The abenquines are simple aminobenzoquinones substituted with different amino acids. Even though aminobenzoquinones are often found in natural products, the substitution with an unmodified amino acid is rare. Structurally related compounds that share N-substituted aminobenzoquinones as a structural feature are lepiotaquinone (from Lepiota americana)7 and lilacinone (from Lactarius lilacinus),8 which are found as pigments in fungi. Among bacterial metabolites, the aminobenzoquinone substructure is found, for example, in ansamycin-type antibiotics or mitomycin.9 Interestingly, apart from fungi and bacteria, sponges also produce metabolites such as nakijiquinones,10 which emerge from benzoquinones and amino acids.

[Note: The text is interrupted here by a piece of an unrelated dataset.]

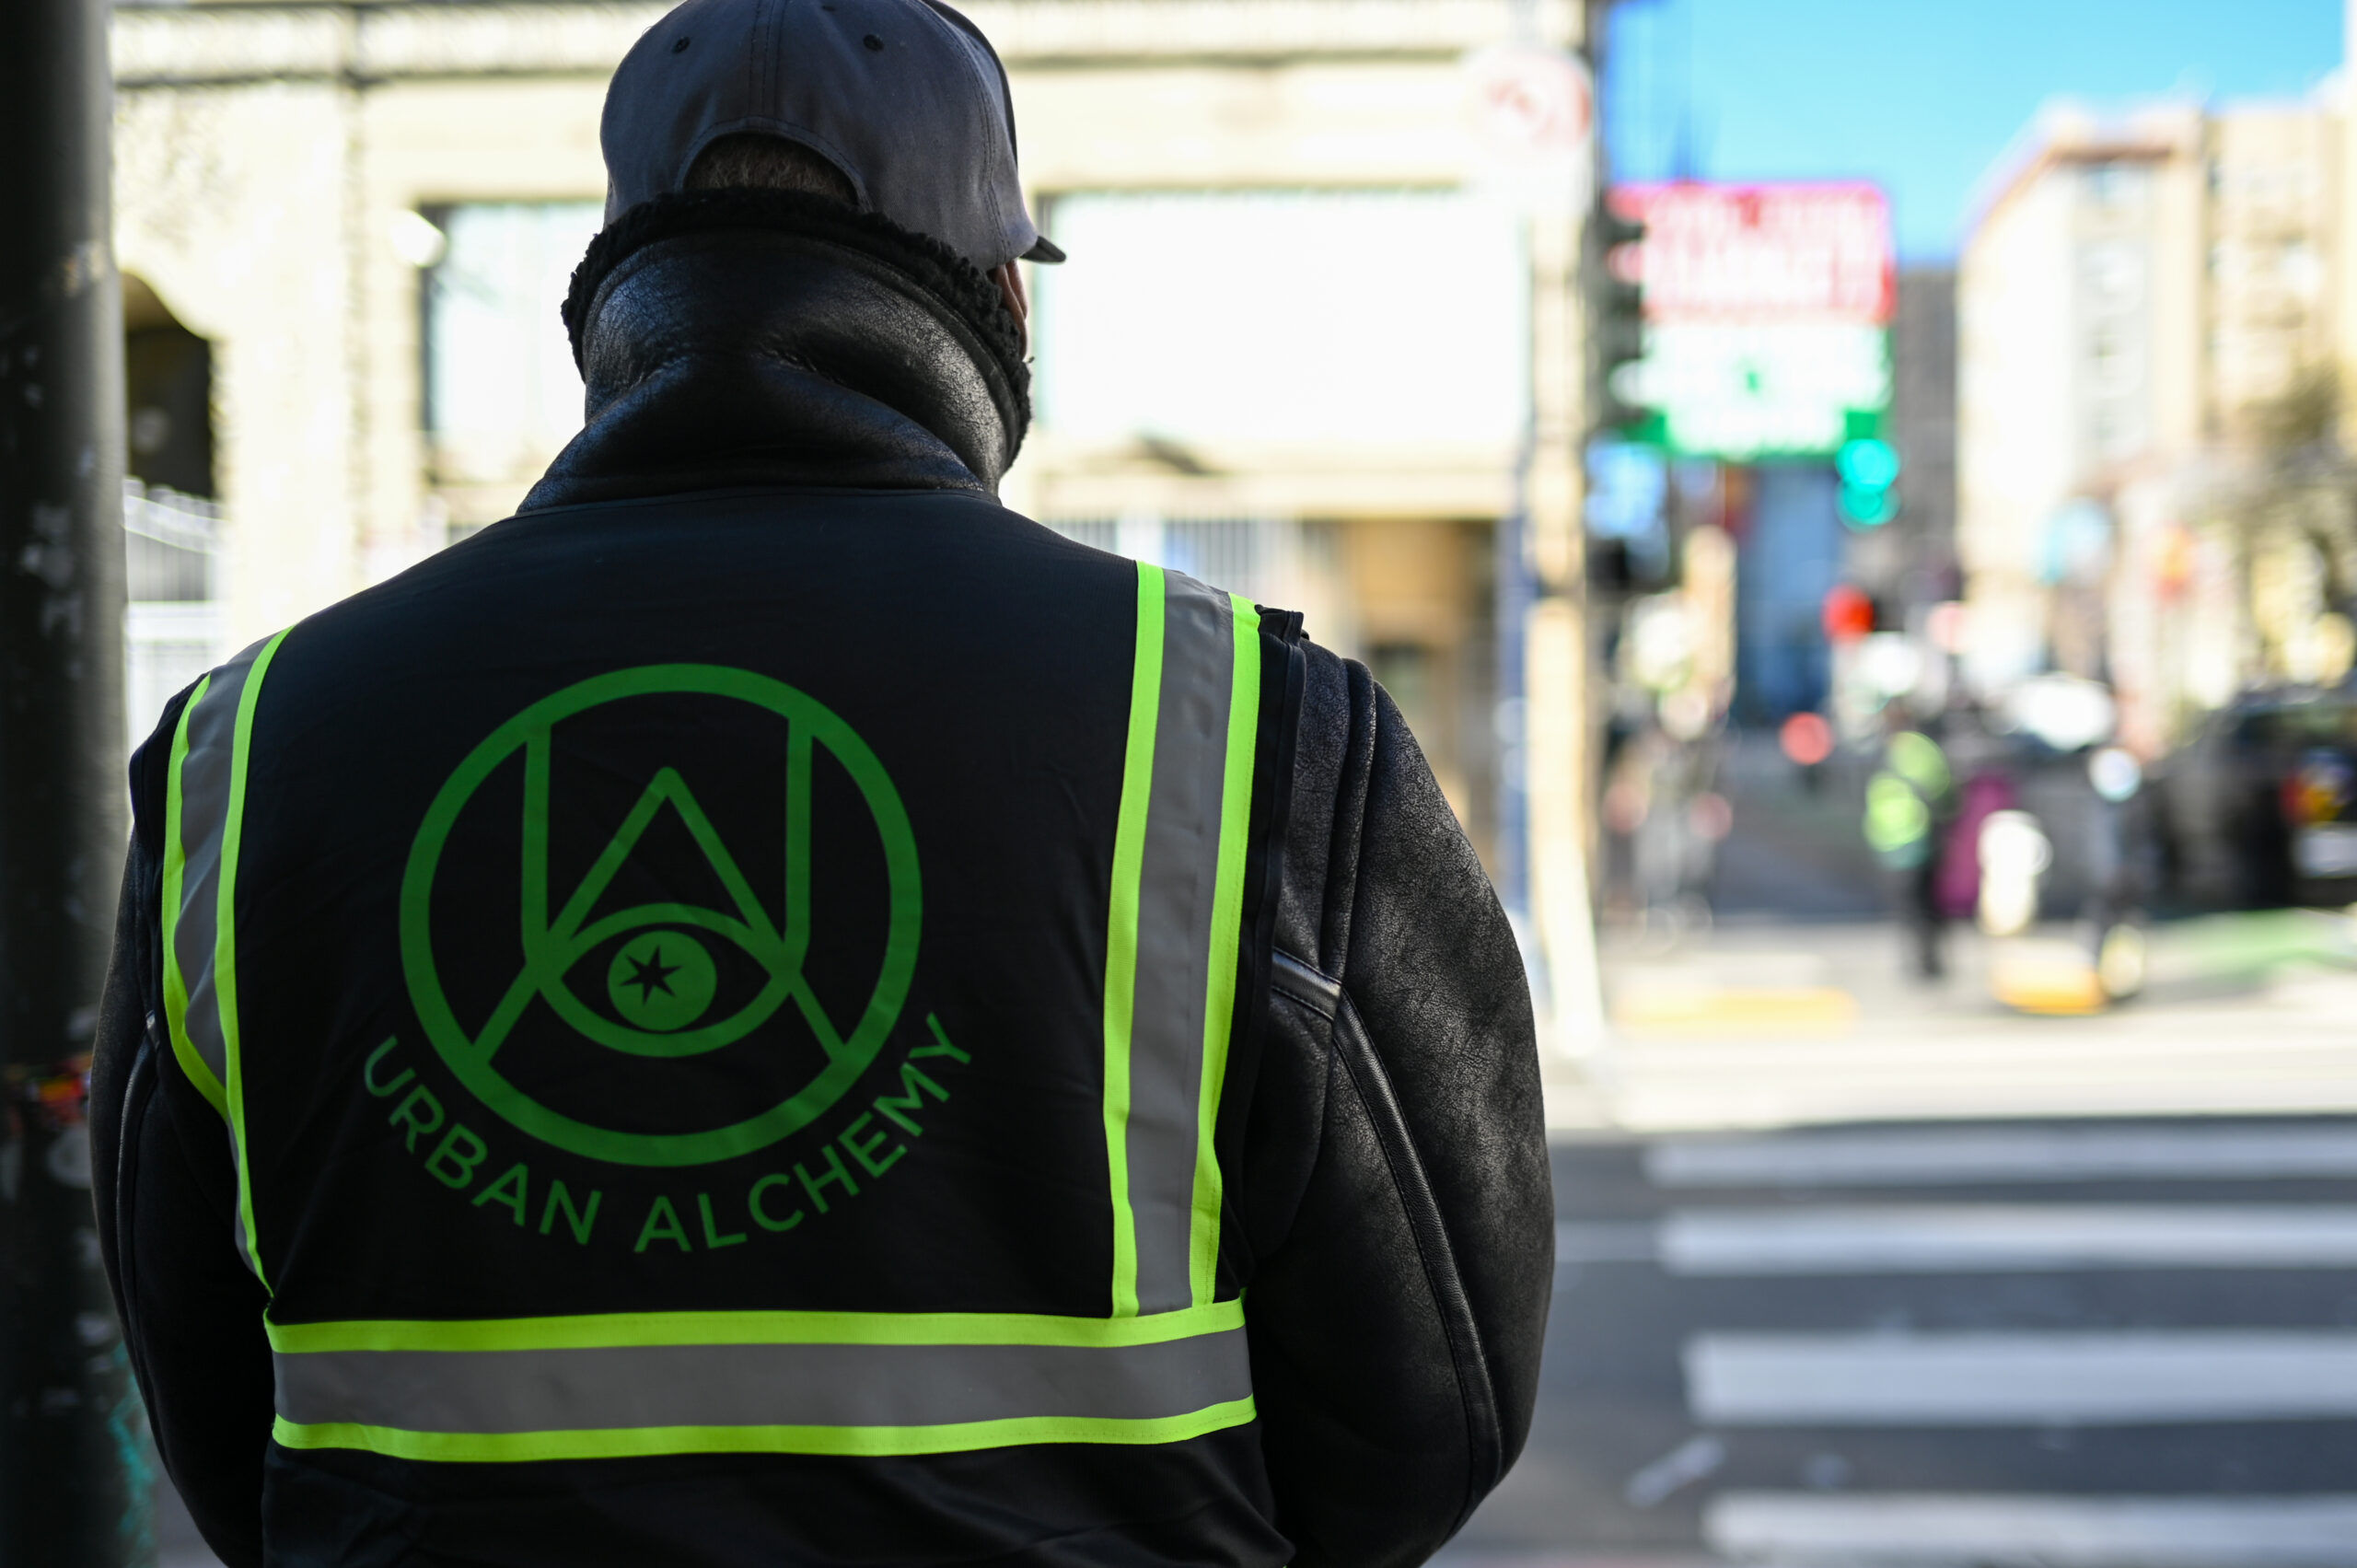 A person wearing a logo-covered vest faces away from the camera toward a city intersection.

The fact that among natural products the abenquines represent rare combinations of benzoquinones and amino acids certainly raises questions concerning their biosynthesis. The reaction of quinones with amino acids has been reported to take place under mild conditions and without the involvement of enzymes.11 The chemical reaction of amino acids with benzoquinone has even been described as a method for the quantitative determination of amino acids.10 Thus, a produced N-acetyl-aminobenzoquinone might function as a Michael acceptor for a number of amino acids. The wide spectrum of amino acids that are incorporated in the course of our feeding experiments supports this assumption. However, the possibility that one or more enzymes are involved in the formation of the abenquines cannot be ruled out. Especially, the very short production time and the rapid degradation of the abenquines suggest the involvement of enzymes. A laccase could be a possible candidate responsible for the formation of the abenquines, because enzymes of this group have been reported to mediate the adduction of amino acids to hydroquinones.12

The abenquines inhibit PDE4. In comparison with the selective PDE4 inhibitor rolipram,5 the abenquines exhibited fivefold less potent activity. PDE4 degrades the ubiquitous second messenger cAMP to adenosinemonophosphate. Therefore, selective PDE4 inhibitors have become an important pharmacological tool as novel therapeutics for, for example, the treatment of inflammatory diseases such as asthma, chronic obstructive pulmonary disease or multiple sclerosis.13 Interestingly, we could already show that the amino-acid residue of the molecule is of importance for the activity, that is, the two compounds with aromatic amino acids have a much more potent activity than the molecules comprising the two smaller and non-aromatic ones.